▸ Description of the task
Starting at the line containing "T-shirt retro wild" and ending at the line containing "edp-logo.png", transcribe the listing below exactly. Keep both end lines, skip the pictures, and copy nothing else.

▸ Provided information
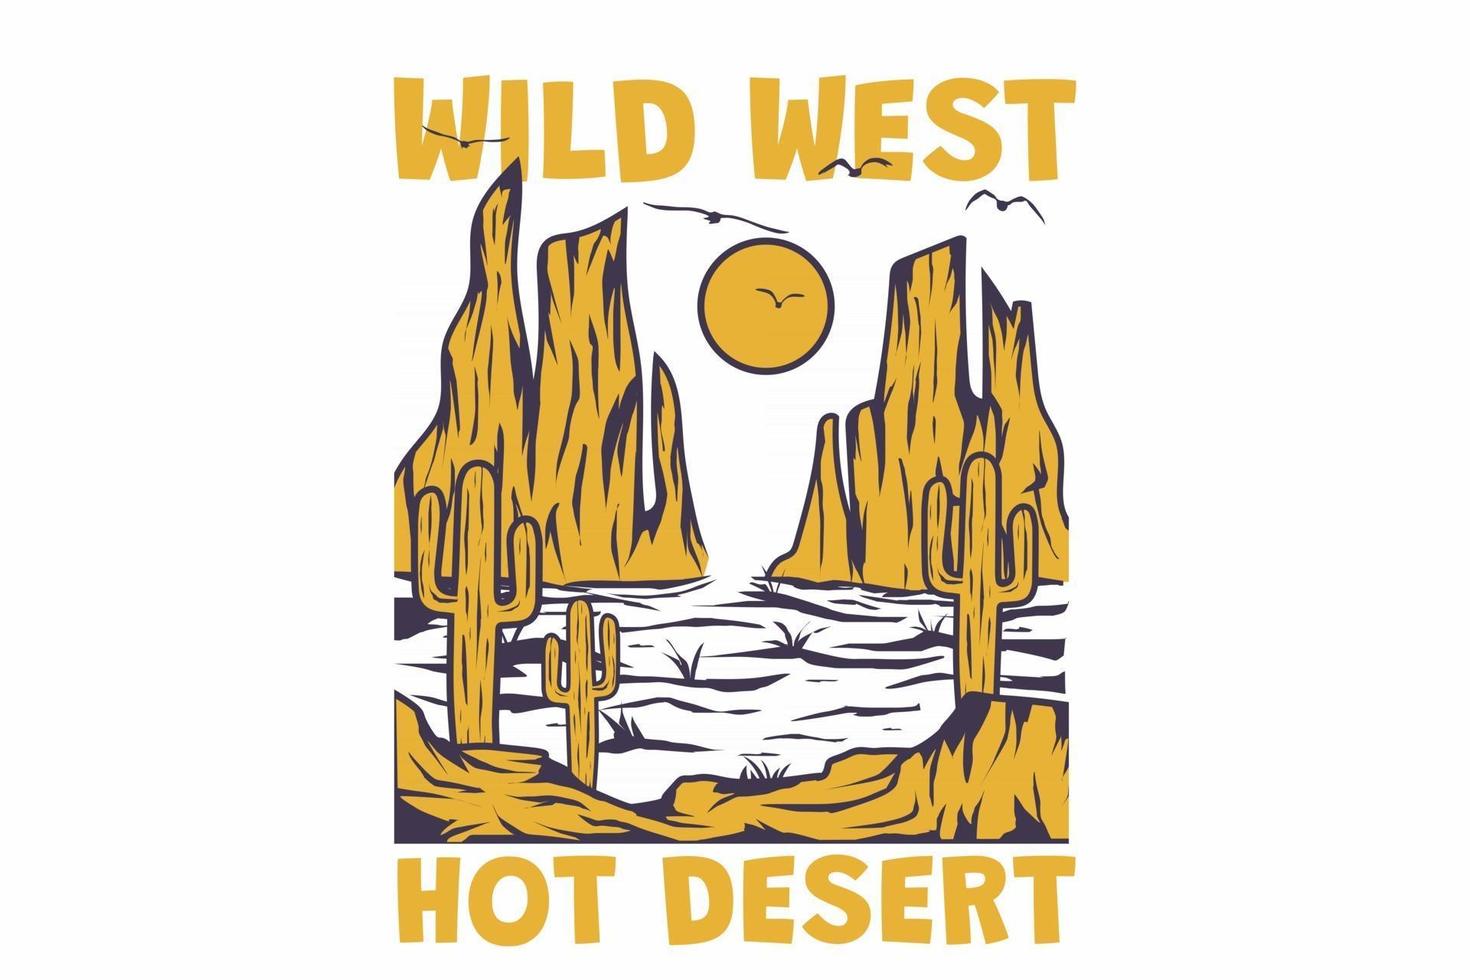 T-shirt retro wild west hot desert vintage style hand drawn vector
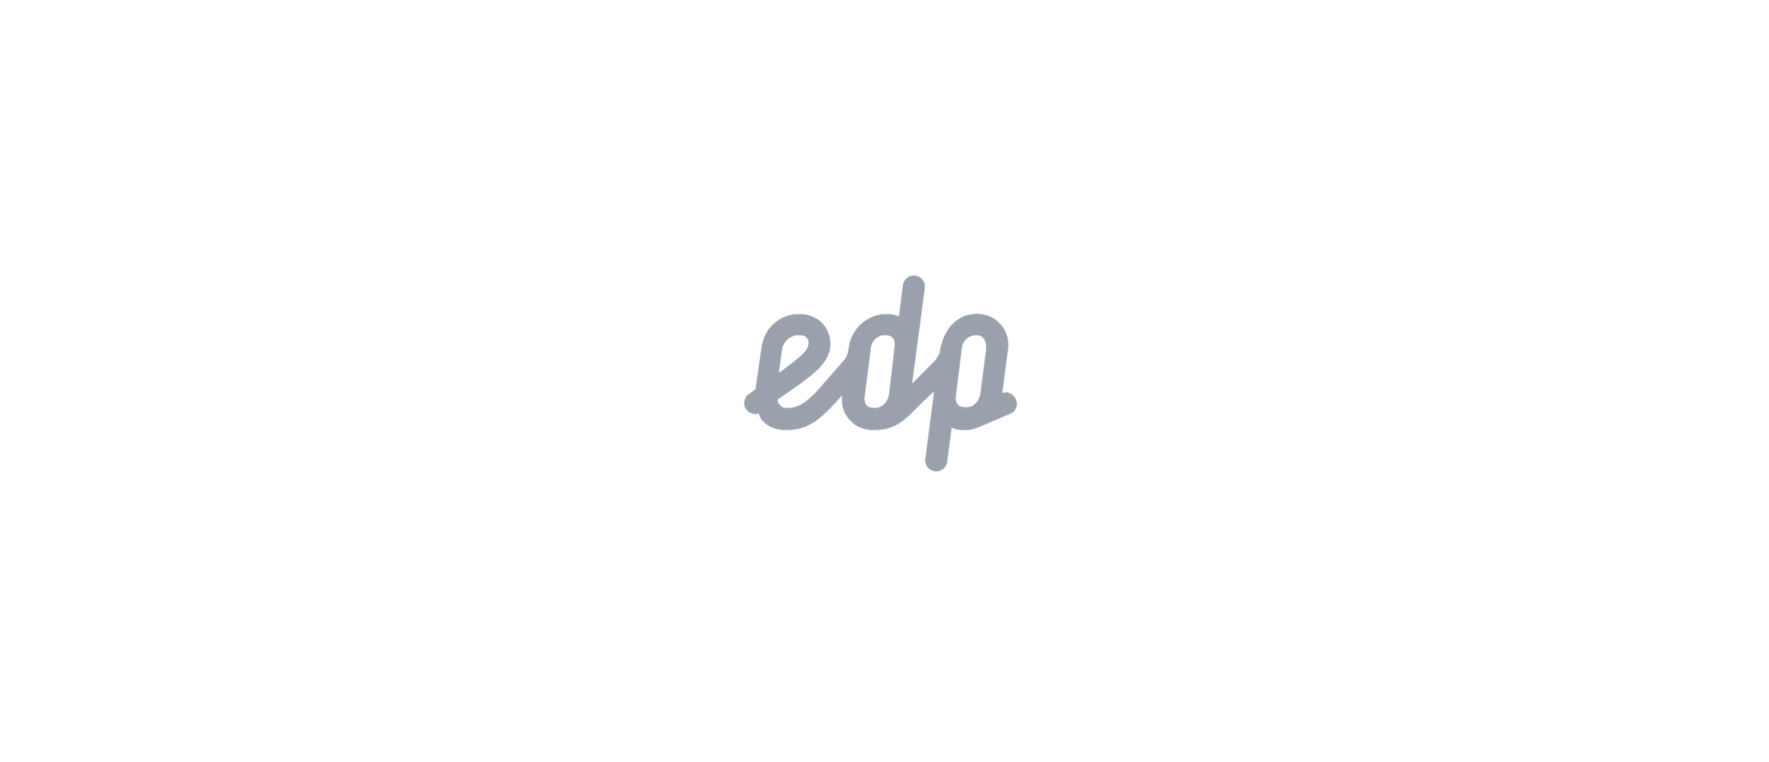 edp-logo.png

...

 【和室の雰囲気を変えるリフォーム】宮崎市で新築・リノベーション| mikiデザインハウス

▸ The completed task
 T-shirt retro wild west hot desert vintage style hand drawn vector
 edp-logo.png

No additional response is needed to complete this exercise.